Just wondering...where is he now? I don't see him on the list. I am Chinese and I want to see him play. They say he is fast. Is he like Nash-type of player except being less stable? 

Jimmy


----------



## atowndawill (Nov 16, 2004)

tabuse is on the injured list and they don't know when he'll be back. maybe soon. but he is one of the fastest guys with the ball and is a lot like nash.


----------



## jibikao (Nov 14, 2004)

> Originally posted by <b>atowndawill</b>!
> tabuse is on the injured list and they don't know when he'll be back. maybe soon. but he is one of the fastest guys with the ball and is a lot like nash.


Oh, that's cool. I want to see him play! He may be a great choice for Nash's backup guard. 

Jimmy


----------



## sheefo13 (Jul 13, 2002)

Is tabuse japanese or chinese?!

I think this guy can make it in the league because he is quick with the ball. I dont see him making it here in PHX just for teh fact that they already have 2 great and good pgs.


----------



## ballafromthenorth (May 27, 2003)

I could've swore I saw a captioned pic of tabuse saying he was the first japanese player ever.. ?


----------



## jibikao (Nov 14, 2004)

Tabuse is definitely Japanese. 

Chinese last name would be like Wong, Chen, Leung, and Yao! If I remember correctly, Yao is actually the Last Name and not the First name. Chinese last name actually comes first. 

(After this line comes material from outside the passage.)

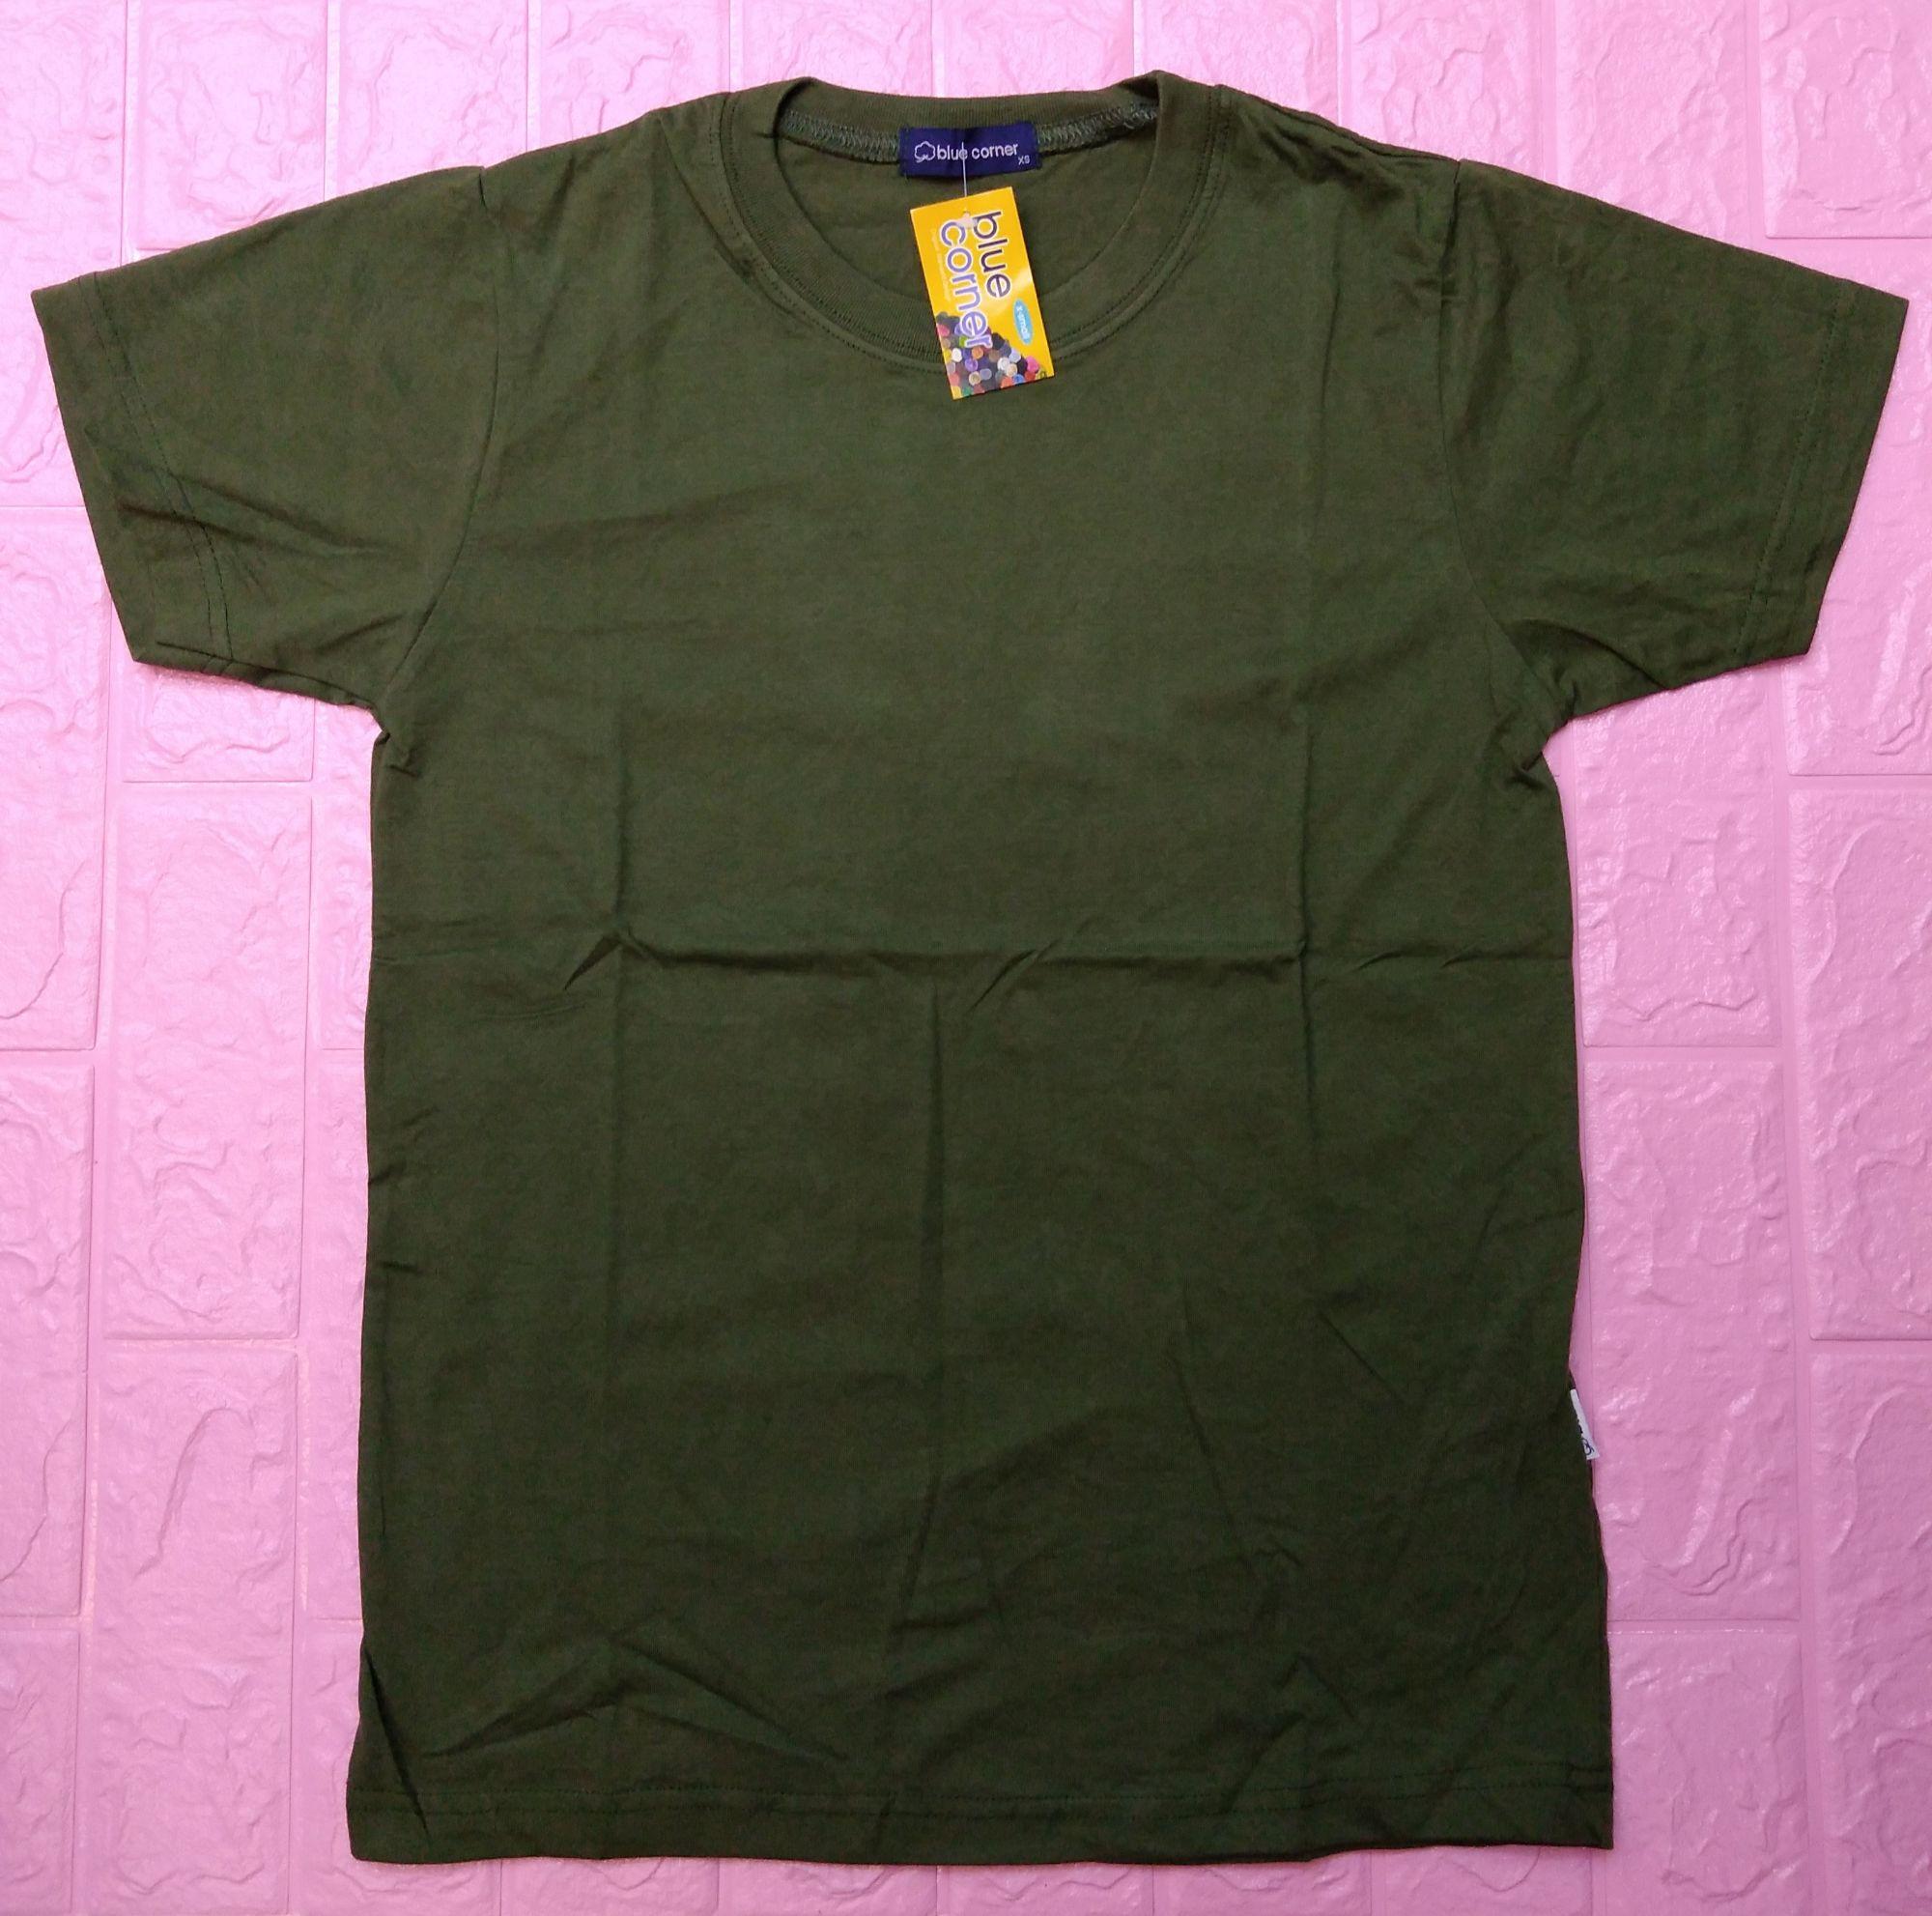 Blue Corner Army Green T Shirt Round Neck For Unisex Lazada Ph

Anyway, I just want to see how he plays...

Jimmy


----------



## azirishmusic (Feb 25, 2004)

Yuta might get some minutes if Leandro continues to struggle with his point guard play. I expect Leandro to be pretty good someday, but he inconsistent with great games followed by bad ones.


----------



## #23 (Dec 10, 2004)

Hes' activated now. So now you can watch him.


----------



## JGKoblenz (Jul 19, 2002)




----------



## sologigolos (May 27, 2003)

tabuse is the first japanese born player in the NBA
not the first player of japanese descent


http://www.basketballreference.com/players/playerpage.htm?ilkid=MisakWa01


----------



## ToddMacCulloch11 (May 31, 2003)

not on the team anymore.

http://www.nba.com/suns/news/tabuse_041218.html


----------